Leading NRI industrialist Lord Swraj Paul is set to be a key player in influencing who will win the next general elections in the UK, a leading daily said on Saturday.
“Today Lord Paul is named in the Sunday Times rich list as the 36th wealthiest man in Britain, has spent more than a decade in the House of Lords, is a close friend of Brown and his wife, and is set to be a key player in influencing who will win the next election,” The Times stated.
Last month, at a private party held at London Zoo to honour Ambika, Lord Paul’s daughter who died of leukaemia at the age of four, he told Prime Minister Gordon Brown and his wife Sarah that he was dedicating a new bridge in the zoo’s African bird park to the memory of their late daughter, Jennifer.
“Then, last week, the 76-year-old peer suddenly declared that he would pay ?as much as I can afford? to enable the cash-strapped Labour Party to win the next election, fuelling talk of a snap autumn poll.”
Observing that Lord Paul’s dedication to Brown is total, the newspaper said, “his most recent homage is to pay for 6,000 secondary schools in Britain to receive a copy of the Prime Minister’s book Courage.”

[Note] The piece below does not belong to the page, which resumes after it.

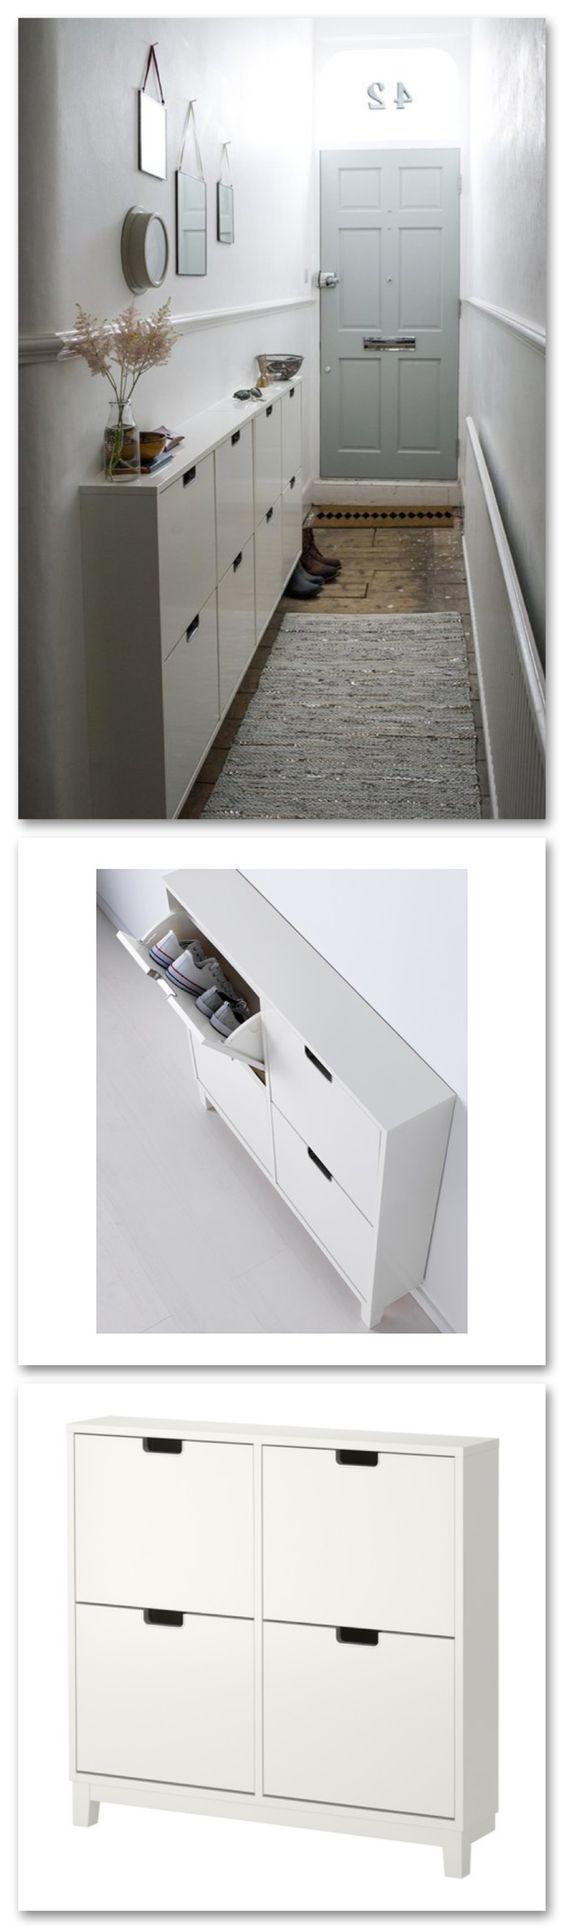 Schoenen Opbergkast Ikea.Kleine Schoenenkast Brazilinsight

Typically, Lord Paul’s advice to Brown is all about modesty. First, don’t make an unseemly dash to the ballot box, the daily said.
“There’s no need to. He has been elected Prime Minister to do a job of the Prime Minister, and let him get on with it,” Lord Paul said.
And secondly: don’t spend too much money on campaigning.
Lord Paul, who is British Ambassador for Overseas Business, when asked about how much he will give when the election does come, responded: “I haven’t got a clue”.
However, he is firm on one thing that it should not be the extravagant USD20 million plus affair that we have come to expect from the new Labour.
“I think we are spending far too much on elections. In my view Gordon Brown will make sure the party does not spend as much as has been spent before on the election,” Lord Paul was quoted as saying.
And he thinks that the Labour Party should do more grassroots fund-raising. “I don’t think anybody in the Labour Party will want one, two, three, four, five persons only to fund the campaign. I don’t think even Gordon would want it. He is not that kind of a person.”
In the same vein, Lord Paul, who is the Cof the Caparo group, favours a cap on political donations. But at what level?
“I don’t know these things – I would put it at even USD5,000. I would rather have parties go from door to door and take money. Then they’ll need to do some work.”
Not that his own donations have been capped. Lord Paul funded Brown’s leadership campaign to the tune of USD25,000. Should he lead by example?
“We are, at the moment, talking about ‘Should there be a cap?'” Lord Paul told the newspaper.
Lord Paul, who was made a peer in 1996, is also the Chairman of the 2012 Olympic Delivery Committee.